**Task**
Would you return the lines from the one that contains "Władimir Putin siedzi za stołem" to the last line of the entries below, exactly and with nothing added?

**Records for the exercise**
-------------------------

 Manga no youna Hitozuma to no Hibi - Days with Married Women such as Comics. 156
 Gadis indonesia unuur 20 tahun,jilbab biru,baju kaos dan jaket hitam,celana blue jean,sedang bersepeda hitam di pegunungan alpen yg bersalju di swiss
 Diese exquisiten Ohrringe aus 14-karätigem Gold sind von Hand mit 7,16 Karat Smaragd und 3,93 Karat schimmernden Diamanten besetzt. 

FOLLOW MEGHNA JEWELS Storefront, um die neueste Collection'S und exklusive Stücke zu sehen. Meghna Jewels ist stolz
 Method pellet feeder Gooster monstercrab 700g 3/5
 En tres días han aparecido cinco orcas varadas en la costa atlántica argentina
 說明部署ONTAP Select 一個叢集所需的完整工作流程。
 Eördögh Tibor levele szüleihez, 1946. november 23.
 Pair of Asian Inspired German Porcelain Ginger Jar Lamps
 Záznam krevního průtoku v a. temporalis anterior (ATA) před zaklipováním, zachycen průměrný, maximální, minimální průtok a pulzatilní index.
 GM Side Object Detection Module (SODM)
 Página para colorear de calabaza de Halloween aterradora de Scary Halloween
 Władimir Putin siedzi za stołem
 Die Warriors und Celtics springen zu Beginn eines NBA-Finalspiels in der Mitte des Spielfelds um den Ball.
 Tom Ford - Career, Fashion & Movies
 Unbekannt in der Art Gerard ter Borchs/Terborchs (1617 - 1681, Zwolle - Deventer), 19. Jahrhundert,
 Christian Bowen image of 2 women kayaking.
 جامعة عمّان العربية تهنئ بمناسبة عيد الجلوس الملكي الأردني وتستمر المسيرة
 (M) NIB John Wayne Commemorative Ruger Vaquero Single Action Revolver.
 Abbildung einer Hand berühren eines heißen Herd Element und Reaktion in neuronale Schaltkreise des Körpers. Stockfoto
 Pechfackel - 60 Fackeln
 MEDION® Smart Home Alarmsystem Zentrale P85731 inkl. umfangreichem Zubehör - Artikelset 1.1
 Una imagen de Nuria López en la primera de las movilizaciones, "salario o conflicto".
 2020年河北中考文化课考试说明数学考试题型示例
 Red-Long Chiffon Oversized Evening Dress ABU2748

-------------------------

**Answer space**
 Władimir Putin siedzi za stołem
 Die Warriors und Celtics springen zu Beginn eines NBA-Finalspiels in der Mitte des Spielfelds um den Ball.
 Tom Ford - Career, Fashion & Movies
 Unbekannt in der Art Gerard ter Borchs/Terborchs (1617 - 1681, Zwolle - Deventer), 19. Jahrhundert,
 Christian Bowen image of 2 women kayaking.
 جامعة عمّان العربية تهنئ بمناسبة عيد الجلوس الملكي الأردني وتستمر المسيرة
 (M) NIB John Wayne Commemorative Ruger Vaquero Single Action Revolver.
 Abbildung einer Hand berühren eines heißen Herd Element und Reaktion in neuronale Schaltkreise des Körpers. Stockfoto
 Pechfackel - 60 Fackeln
 MEDION® Smart Home Alarmsystem Zentrale P85731 inkl. umfangreichem Zubehör - Artikelset 1.1
 Una imagen de Nuria López en la primera de las movilizaciones, "salario o conflicto".
 2020年河北中考文化课考试说明数学考试题型示例
 Red-Long Chiffon Oversized Evening Dress ABU2748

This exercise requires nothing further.